La tabla de salvación en aquel ambiente hostil sería su extraordinaria habilidad para las matemáticas, gracias a la cual brillará entre todos los cadetes de artillería de su curso. Después, la carrera meteórica: campañas de Italia y Egipto, golpe del 18 Brumario, imperial coronación.
Y, al final, el desastre, en una comarca –ahora belga-- llamada Waterloo.
Hombre supersticioso, aseguraba que antes de cada batalla victoriosa se le aparecía la estrella que presidió su nacimiento. Pero en este viaje el vencido ha escrutado al cielo en vano. Quizás intuye que le modelarán la mascarilla en esa isla africana hacia donde lo trasladan.

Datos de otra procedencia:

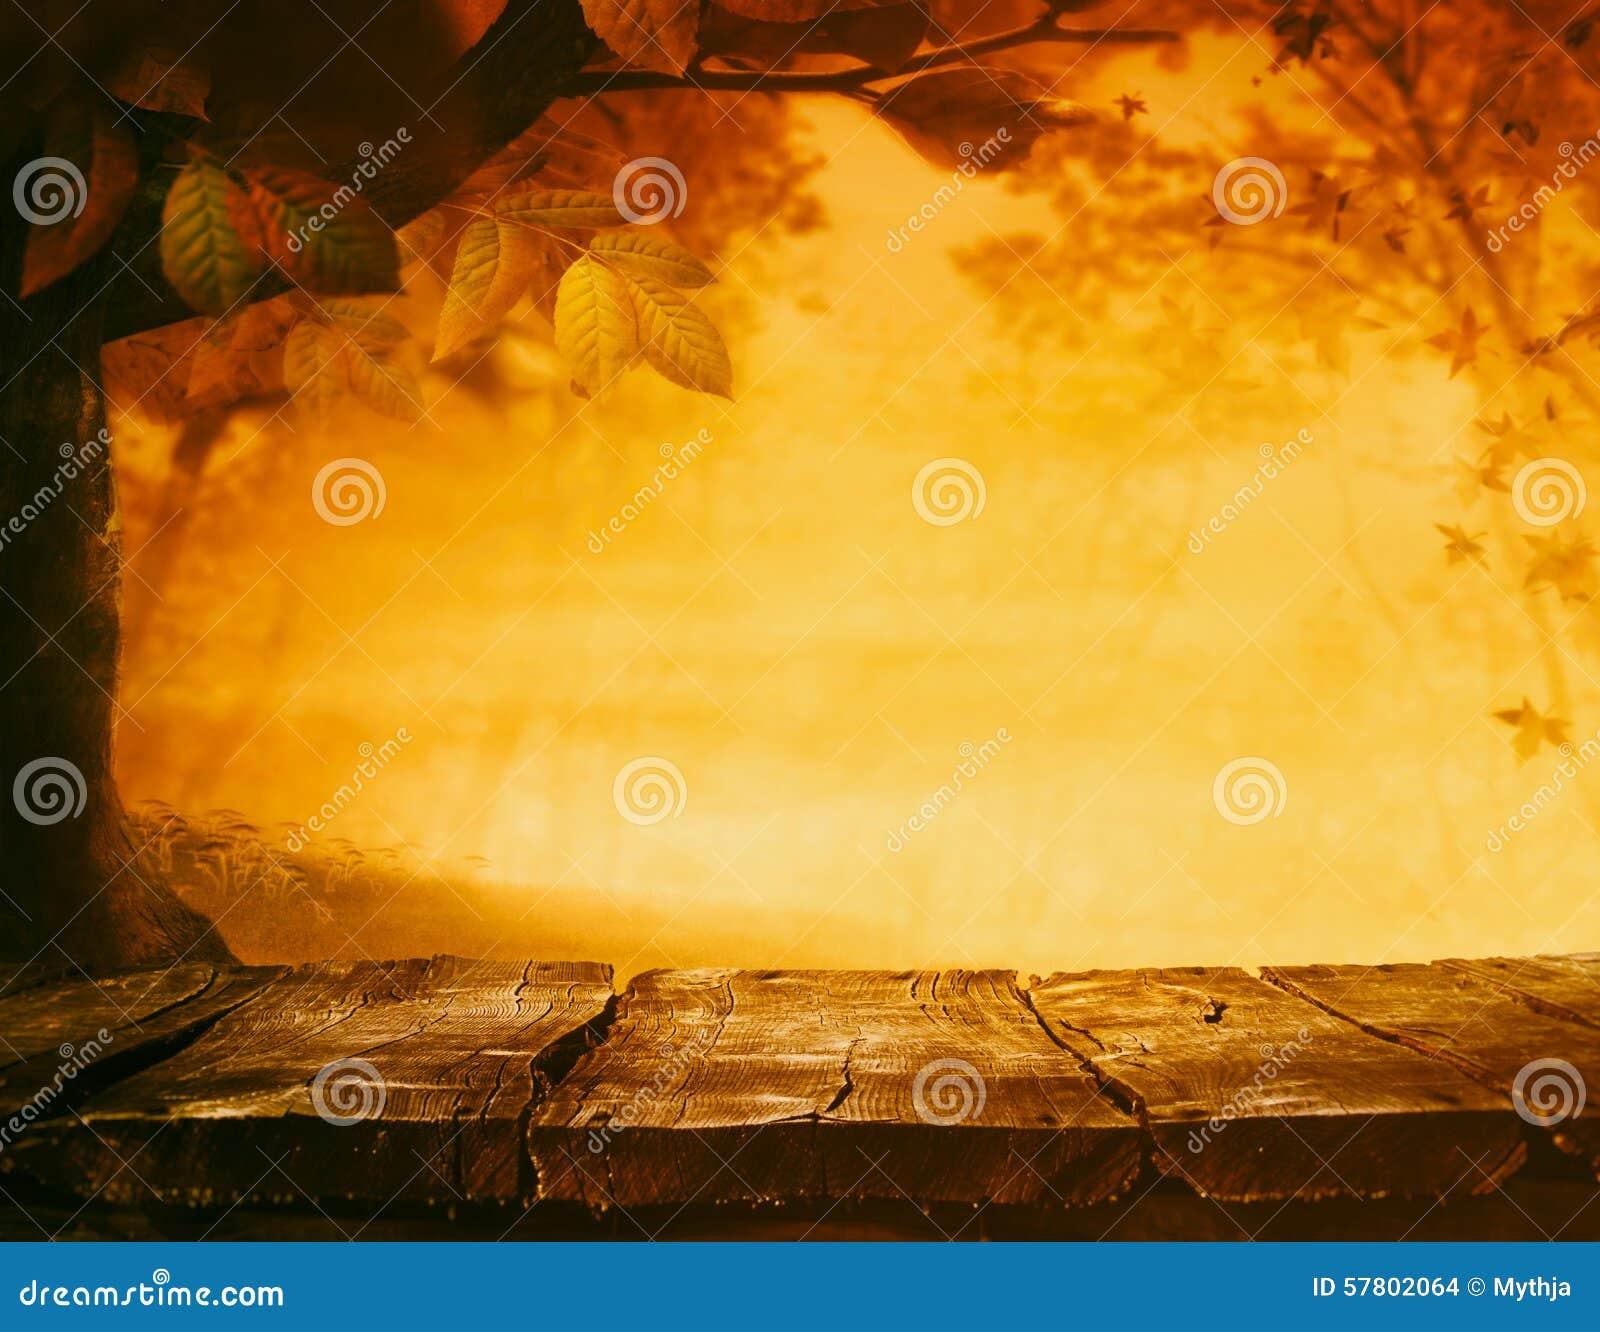 Autumn Background Stock Photo Image 57802064

Lo que de seguro no sospecha es que esa mascarilla ahora estaría a cientos de leguas, ante mí, junto a la universitaria calle Ronda. Tampoco sabe que el encargado en modelar la pieza iba a morir en Cuba.
EL MÉDICO DEL EMPERADOR
El derrotado Bonaparte arriba a la isla de Santa Helena, posesión de los británicos. Tan pronto la avizoran desde el mar todos coinciden en que, por su repulsivo aspecto, parece una verruga.
No son tontos los captores. Aquí no se repetirá el episodio en el cual Napoleón escapa de la isla de Elba. Ahora el lugar del cautiverio dista casi dos mil kilómetros de la tierra firme.
Y el 20 de septiembre de 1819 llega a Santa Helena el doctor Francesco Antonmarchi, hombre cuya historia personal iba a estar ligada a Cuba.
Antonmarchi nació en Córcega, cuando transcurría 1780. Se graduó de doctor en Medicina y Filosofía en la Universidad de Pisa. Más tarde se relaciona con familiares de Napoleón, quienes le proponen trasladarse a San Helena para cuidar de la salud del emperador vencido.
El joven médico comienza por atender la alimentación del cautivo. Napoleón gustaba especialmente de los pasteles y del arroz a la milanesa. En cada comida consumía media botella de Burdeos.
Al doctor le preocupa la inactividad del confinado, tras una vida de incansable batallar. Por ello, le sugiere que practique la jardinería y la agricultura. Napoleón sigue sus indicaciones, y planta rosales, melocotoneros, naranjos.
Pero su salud se va resintiendo a ojos vistas, según algunos por el arsénico que un agente inglés está agregando a los alimentos del exemperador.
Y en 1821 muere en la hacienda Longwood, cerca de Jamestown, capital de Santa Helena, el que fuera señor de la Europa.
Antonmarchi participa en la autopsia, entre cuyos resultados se señala lo sorprendentemente exiguo de los genitales del fallecido.
El médico corso toma la mascarilla mortuoria de su paisano, que más tarde sería fundida en bronce. Un número limitado de copias fue después distribuido entre la familia imperial y los mariscales. Una de estas piezas forma parte de la colección del habanero Museo Napoleónico.
Tras la muerte de Napoleón, Antonmarchi viaja a Inglaterra, a Italia y a Francia, arrastrando une existencia precaria. Escribe el libro Los últimos momentos de Napoleón y también una investigación médica sobre los cuerpos de los ejecutados. Publica una memoria sobre el cólera en Varsovia. A fines de 1837 se radica en Santiago de Cuba, sitio de fortísima presencia francesa. Allí se entrega al estudio de la fiebre amarilla, mal de que muere el 4 de abril de 1838.
Aunque jamás vio ni de lejos una batalla, fue enterrado en Santiago con honores militares, incluyendo salvas de artillería.